Please print the records below exactly as they are.

> [EXERCISE DATA]
——

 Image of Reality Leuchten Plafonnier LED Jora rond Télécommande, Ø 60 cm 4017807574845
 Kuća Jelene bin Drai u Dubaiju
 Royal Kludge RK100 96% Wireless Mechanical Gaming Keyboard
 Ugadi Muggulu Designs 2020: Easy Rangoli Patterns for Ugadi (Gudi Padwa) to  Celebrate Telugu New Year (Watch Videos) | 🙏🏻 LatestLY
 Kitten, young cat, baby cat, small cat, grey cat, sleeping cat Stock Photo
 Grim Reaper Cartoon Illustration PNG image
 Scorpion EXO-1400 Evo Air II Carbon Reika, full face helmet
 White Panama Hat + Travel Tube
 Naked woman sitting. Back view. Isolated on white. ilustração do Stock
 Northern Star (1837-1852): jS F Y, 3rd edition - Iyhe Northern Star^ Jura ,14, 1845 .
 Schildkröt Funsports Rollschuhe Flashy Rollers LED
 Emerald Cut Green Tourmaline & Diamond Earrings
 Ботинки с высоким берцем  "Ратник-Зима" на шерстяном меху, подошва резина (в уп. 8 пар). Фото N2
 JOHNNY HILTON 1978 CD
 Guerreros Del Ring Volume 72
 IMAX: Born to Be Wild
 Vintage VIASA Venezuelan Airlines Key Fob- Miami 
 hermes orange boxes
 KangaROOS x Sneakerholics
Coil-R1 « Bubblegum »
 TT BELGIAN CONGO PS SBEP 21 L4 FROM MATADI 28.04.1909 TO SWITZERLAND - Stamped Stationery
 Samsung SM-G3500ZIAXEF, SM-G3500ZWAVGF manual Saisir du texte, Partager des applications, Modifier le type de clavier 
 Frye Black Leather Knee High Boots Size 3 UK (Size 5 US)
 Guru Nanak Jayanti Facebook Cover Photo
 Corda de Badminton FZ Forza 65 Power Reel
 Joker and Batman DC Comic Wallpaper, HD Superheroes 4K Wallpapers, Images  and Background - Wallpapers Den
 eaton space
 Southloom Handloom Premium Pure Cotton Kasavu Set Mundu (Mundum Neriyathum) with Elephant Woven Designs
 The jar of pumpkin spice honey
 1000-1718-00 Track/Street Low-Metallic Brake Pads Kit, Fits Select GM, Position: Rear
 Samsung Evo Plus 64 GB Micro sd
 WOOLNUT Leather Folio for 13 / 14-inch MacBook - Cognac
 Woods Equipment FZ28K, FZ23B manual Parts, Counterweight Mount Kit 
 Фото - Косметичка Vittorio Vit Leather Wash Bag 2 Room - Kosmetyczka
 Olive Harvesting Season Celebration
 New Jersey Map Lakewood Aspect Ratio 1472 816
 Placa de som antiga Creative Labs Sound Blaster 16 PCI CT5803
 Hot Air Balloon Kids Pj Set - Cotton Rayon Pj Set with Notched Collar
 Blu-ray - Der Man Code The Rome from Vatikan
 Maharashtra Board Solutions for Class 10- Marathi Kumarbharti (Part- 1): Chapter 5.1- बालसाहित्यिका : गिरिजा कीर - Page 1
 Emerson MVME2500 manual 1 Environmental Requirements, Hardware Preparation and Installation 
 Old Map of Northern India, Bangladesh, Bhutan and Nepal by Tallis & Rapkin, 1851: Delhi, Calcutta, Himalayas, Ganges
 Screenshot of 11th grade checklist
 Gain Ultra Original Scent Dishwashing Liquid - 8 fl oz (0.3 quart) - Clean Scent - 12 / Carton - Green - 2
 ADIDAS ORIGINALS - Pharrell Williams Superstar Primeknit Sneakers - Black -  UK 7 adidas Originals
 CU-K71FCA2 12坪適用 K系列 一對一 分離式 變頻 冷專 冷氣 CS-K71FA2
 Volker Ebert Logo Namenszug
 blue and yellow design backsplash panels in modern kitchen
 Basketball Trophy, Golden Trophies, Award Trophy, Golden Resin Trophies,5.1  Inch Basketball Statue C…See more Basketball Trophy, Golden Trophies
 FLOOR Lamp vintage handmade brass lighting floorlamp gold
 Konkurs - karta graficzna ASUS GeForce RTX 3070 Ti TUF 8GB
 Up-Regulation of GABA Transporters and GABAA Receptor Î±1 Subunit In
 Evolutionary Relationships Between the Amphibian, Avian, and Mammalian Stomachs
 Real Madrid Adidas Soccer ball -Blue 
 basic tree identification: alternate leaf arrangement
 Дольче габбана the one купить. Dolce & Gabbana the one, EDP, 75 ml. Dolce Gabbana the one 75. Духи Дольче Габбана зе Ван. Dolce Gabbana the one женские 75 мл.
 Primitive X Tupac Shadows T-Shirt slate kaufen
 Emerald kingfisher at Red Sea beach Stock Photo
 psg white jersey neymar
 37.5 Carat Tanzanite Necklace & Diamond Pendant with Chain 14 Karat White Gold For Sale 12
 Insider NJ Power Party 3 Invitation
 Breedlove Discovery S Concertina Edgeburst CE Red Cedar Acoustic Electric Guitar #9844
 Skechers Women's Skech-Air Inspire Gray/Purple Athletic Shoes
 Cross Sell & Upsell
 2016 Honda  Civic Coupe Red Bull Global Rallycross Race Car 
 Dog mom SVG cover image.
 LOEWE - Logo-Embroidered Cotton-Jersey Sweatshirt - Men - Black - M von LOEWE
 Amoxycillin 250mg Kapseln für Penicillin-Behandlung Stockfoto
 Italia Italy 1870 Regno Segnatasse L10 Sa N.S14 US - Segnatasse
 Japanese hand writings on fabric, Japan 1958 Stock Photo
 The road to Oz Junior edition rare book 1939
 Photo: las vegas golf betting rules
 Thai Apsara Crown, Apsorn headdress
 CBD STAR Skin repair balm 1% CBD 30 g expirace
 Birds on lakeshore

——

> [RESULT FOR THIS TASK]
 Image of Reality Leuchten Plafonnier LED Jora rond Télécommande, Ø 60 cm 4017807574845
 Kuća Jelene bin Drai u Dubaiju
 Royal Kludge RK100 96% Wireless Mechanical Gaming Keyboard
 Ugadi Muggulu Designs 2020: Easy Rangoli Patterns for Ugadi (Gudi Padwa) to  Celebrate Telugu New Year (Watch Videos) | 🙏🏻 LatestLY
 Kitten, young cat, baby cat, small cat, grey cat, sleeping cat Stock Photo
 Grim Reaper Cartoon Illustration PNG image
 Scorpion EXO-1400 Evo Air II Carbon Reika, full face helmet
 White Panama Hat + Travel Tube
 Naked woman sitting. Back view. Isolated on white. ilustração do Stock
 Northern Star (1837-1852): jS F Y, 3rd edition - Iyhe Northern Star^ Jura ,14, 1845 .
 Schildkröt Funsports Rollschuhe Flashy Rollers LED
 Emerald Cut Green Tourmaline & Diamond Earrings
 Ботинки с высоким берцем  "Ратник-Зима" на шерстяном меху, подошва резина (в уп. 8 пар). Фото N2
 JOHNNY HILTON 1978 CD
 Guerreros Del Ring Volume 72
 IMAX: Born to Be Wild
 Vintage VIASA Venezuelan Airlines Key Fob- Miami 
 hermes orange boxes
 KangaROOS x Sneakerholics
Coil-R1 « Bubblegum »
 TT BELGIAN CONGO PS SBEP 21 L4 FROM MATADI 28.04.1909 TO SWITZERLAND - Stamped Stationery
 Samsung SM-G3500ZIAXEF, SM-G3500ZWAVGF manual Saisir du texte, Partager des applications, Modifier le type de clavier 
 Frye Black Leather Knee High Boots Size 3 UK (Size 5 US)
 Guru Nanak Jayanti Facebook Cover Photo
 Corda de Badminton FZ Forza 65 Power Reel
 Joker and Batman DC Comic Wallpaper, HD Superheroes 4K Wallpapers, Images  and Background - Wallpapers Den
 eaton space
 Southloom Handloom Premium Pure Cotton Kasavu Set Mundu (Mundum Neriyathum) with Elephant Woven Designs
 The jar of pumpkin spice honey
 1000-1718-00 Track/Street Low-Metallic Brake Pads Kit, Fits Select GM, Position: Rear
 Samsung Evo Plus 64 GB Micro sd
 WOOLNUT Leather Folio for 13 / 14-inch MacBook - Cognac
 Woods Equipment FZ28K, FZ23B manual Parts, Counterweight Mount Kit 
 Фото - Косметичка Vittorio Vit Leather Wash Bag 2 Room - Kosmetyczka
 Olive Harvesting Season Celebration
 New Jersey Map Lakewood Aspect Ratio 1472 816
 Placa de som antiga Creative Labs Sound Blaster 16 PCI CT5803
 Hot Air Balloon Kids Pj Set - Cotton Rayon Pj Set with Notched Collar
 Blu-ray - Der Man Code The Rome from Vatikan
 Maharashtra Board Solutions for Class 10- Marathi Kumarbharti (Part- 1): Chapter 5.1- बालसाहित्यिका : गिरिजा कीर - Page 1
 Emerson MVME2500 manual 1 Environmental Requirements, Hardware Preparation and Installation 
 Old Map of Northern India, Bangladesh, Bhutan and Nepal by Tallis & Rapkin, 1851: Delhi, Calcutta, Himalayas, Ganges
 Screenshot of 11th grade checklist
 Gain Ultra Original Scent Dishwashing Liquid - 8 fl oz (0.3 quart) - Clean Scent - 12 / Carton - Green - 2
 ADIDAS ORIGINALS - Pharrell Williams Superstar Primeknit Sneakers - Black -  UK 7 adidas Originals
 CU-K71FCA2 12坪適用 K系列 一對一 分離式 變頻 冷專 冷氣 CS-K71FA2
 Volker Ebert Logo Namenszug
 blue and yellow design backsplash panels in modern kitchen
 Basketball Trophy, Golden Trophies, Award Trophy, Golden Resin Trophies,5.1  Inch Basketball Statue C…See more Basketball Trophy, Golden Trophies
 FLOOR Lamp vintage handmade brass lighting floorlamp gold
 Konkurs - karta graficzna ASUS GeForce RTX 3070 Ti TUF 8GB
 Up-Regulation of GABA Transporters and GABAA Receptor Î±1 Subunit In
 Evolutionary Relationships Between the Amphibian, Avian, and Mammalian Stomachs
 Real Madrid Adidas Soccer ball -Blue 
 basic tree identification: alternate leaf arrangement
 Дольче габбана the one купить. Dolce & Gabbana the one, EDP, 75 ml. Dolce Gabbana the one 75. Духи Дольче Габбана зе Ван. Dolce Gabbana the one женские 75 мл.
 Primitive X Tupac Shadows T-Shirt slate kaufen
 Emerald kingfisher at Red Sea beach Stock Photo
 psg white jersey neymar
 37.5 Carat Tanzanite Necklace & Diamond Pendant with Chain 14 Karat White Gold For Sale 12
 Insider NJ Power Party 3 Invitation
 Breedlove Discovery S Concertina Edgeburst CE Red Cedar Acoustic Electric Guitar #9844
 Skechers Women's Skech-Air Inspire Gray/Purple Athletic Shoes
 Cross Sell & Upsell
 2016 Honda  Civic Coupe Red Bull Global Rallycross Race Car 
 Dog mom SVG cover image.
 LOEWE - Logo-Embroidered Cotton-Jersey Sweatshirt - Men - Black - M von LOEWE
 Amoxycillin 250mg Kapseln für Penicillin-Behandlung Stockfoto
 Italia Italy 1870 Regno Segnatasse L10 Sa N.S14 US - Segnatasse
 Japanese hand writings on fabric, Japan 1958 Stock Photo
 The road to Oz Junior edition rare book 1939
 Photo: las vegas golf betting rules
 Thai Apsara Crown, Apsorn headdress
 CBD STAR Skin repair balm 1% CBD 30 g expirace
 Birds on lakeshore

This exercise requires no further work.